Enforcing governing equation constraints in neural PDE solvers via training-free projections
Omer Rochman, Gilles Louppe
TL;DR
This work addresses the problem that neural PDE solvers often violate governing equation constraints. It introduces two training-free post hoc projections to enforce the discretized constraint $h(u)=c$: a nonlinear optimization-based projection solved by LBFGS on \min_u \|u-\hat{u}\|+\lambda\|h(u)-c\|, and a linearization-based projection using $h(u)\approx h(\hat{u})+J_h(u-\hat{u})$ to form a linear system $\mathcal{C}u=b$ with exact or relaxed solutions. Evaluation on Lorenz 63, Kuramoto–Shivashinsky, and 2D Navier–Stokes shows substantial reductions in constraint residuals and improved MSE compared with physics-informed baselines, with LBFGS providing the most robust constraint satisfaction and, notably for NS, recovering fine-scale structure. These results highlight the utility of training-free constraint enforcement for temporal-coherent PDE solutions, while also pointing to limitations around differentiability for end-to-end training and the potential for integrating differentiable projections with generative models and SQP-like relinearization strategies.
Abstract
Neural PDE solvers used for scientific simulation often violate governing equation constraints. While linear constraints can be projected cheaply, many constraints are nonlinear, complicating projection onto the feasible set. Dynamical PDEs are especially difficult because constraints induce long-range dependencies in time.
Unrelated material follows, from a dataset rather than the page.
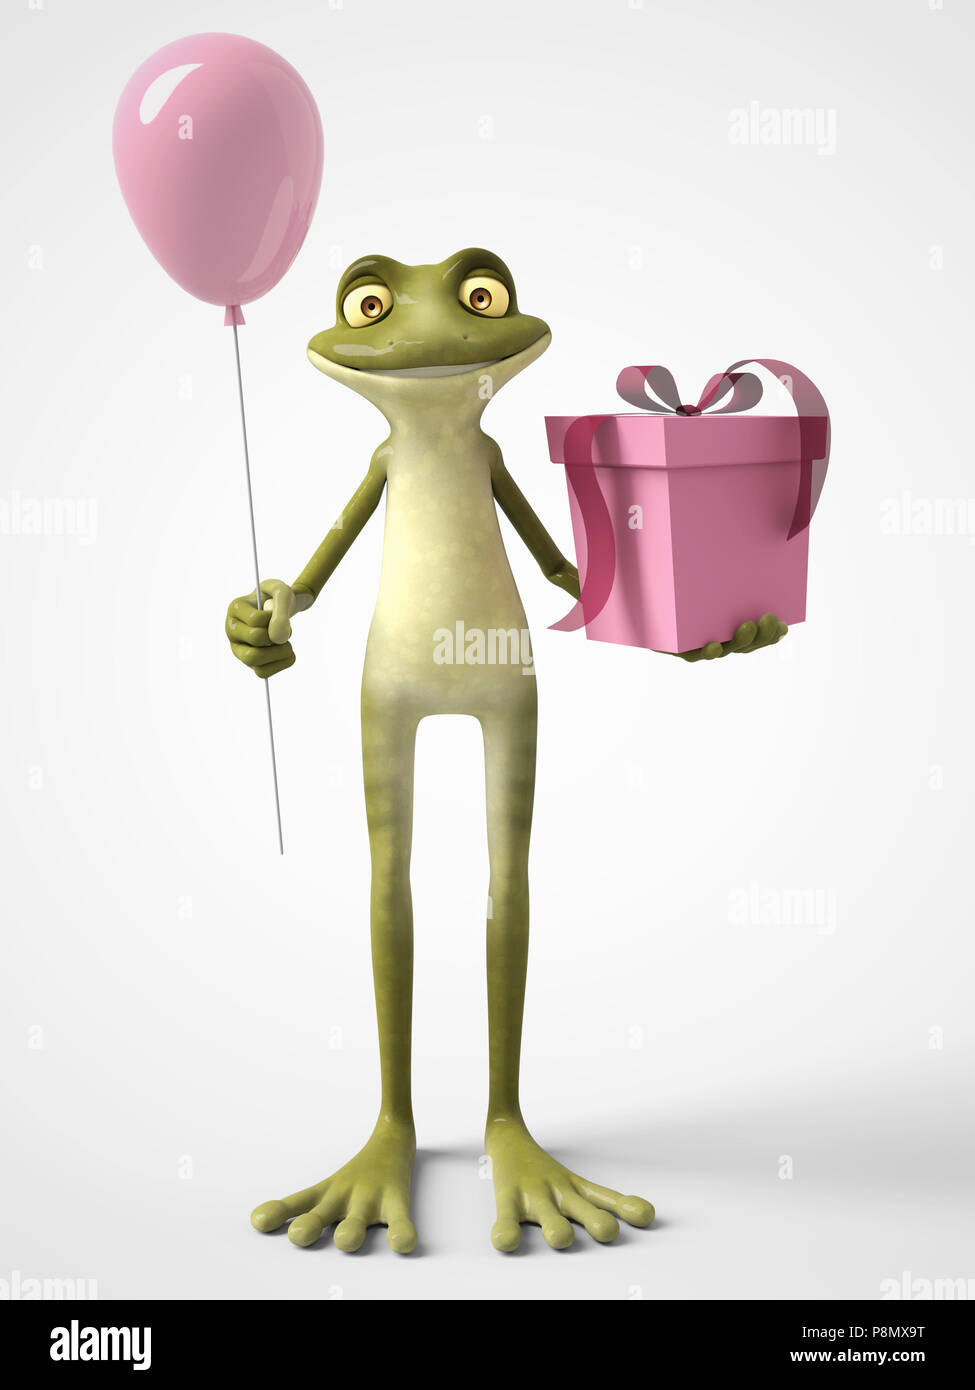 3D-Rendering mit einem lächelnden, cartoon Frosch Holding ein rosa  Luftballon in der einen Hand und ein Geburtstagsgeschenk in der anderen.  Weißer Hintergrund Stockfotografie - Alamy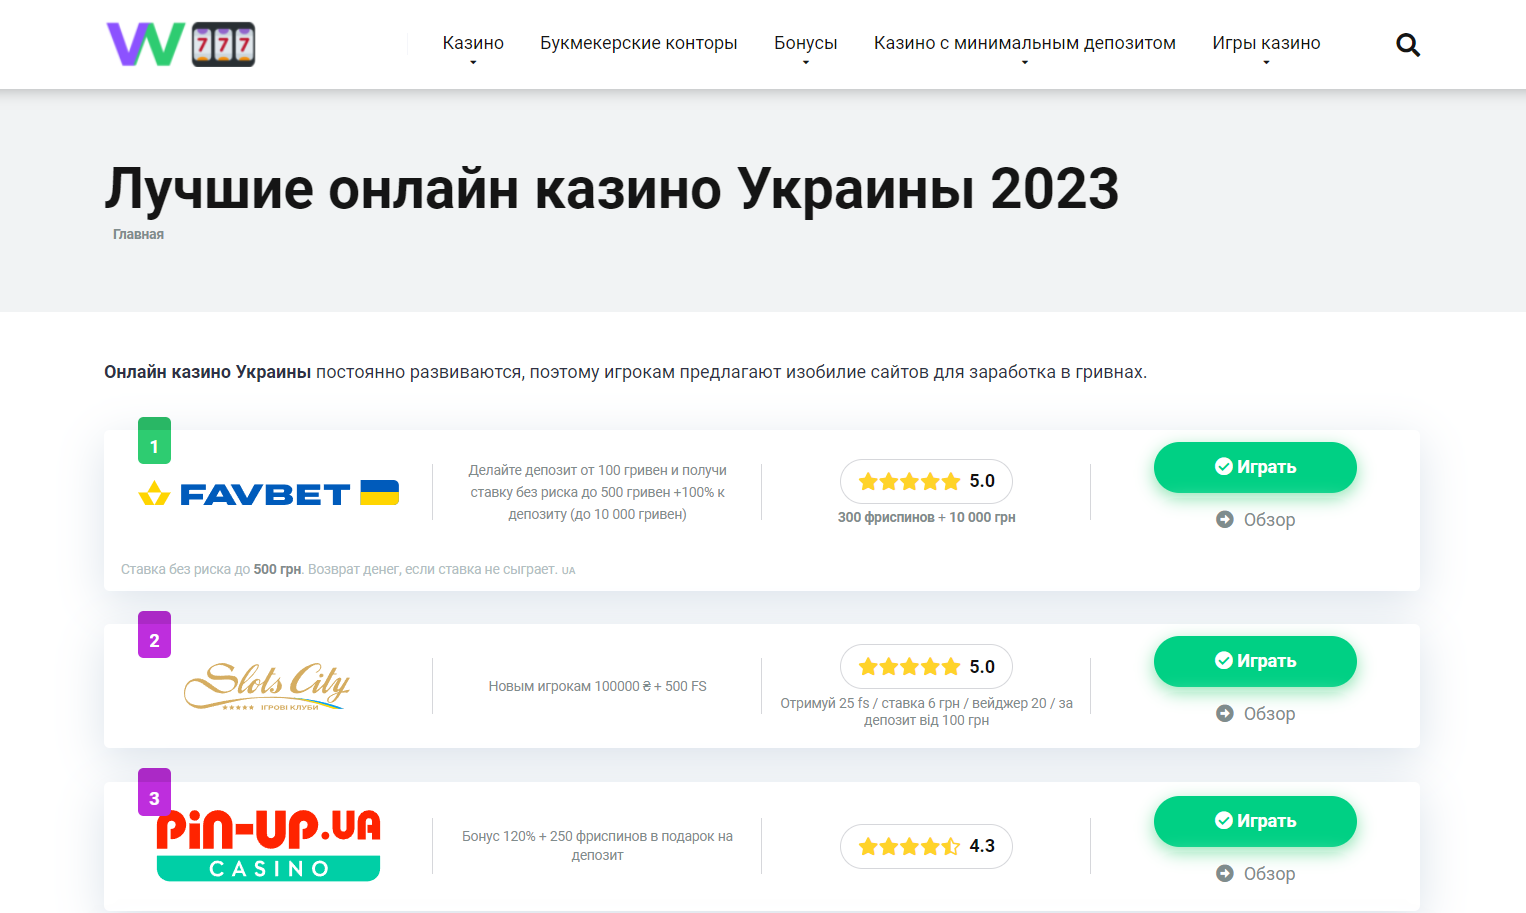 ТОП казино Украины 2023 с действующими лицензиями

In this work, we evaluate two training-free, post hoc projections of approximate solutions: a nonlinear optimization-based projection, and a local linearization-based projection using Jacobian-vector and vector-Jacobian products. We analyze constraints across representative PDEs and find that both projections substantially reduce violations and improve accuracy over physics-informed baselines.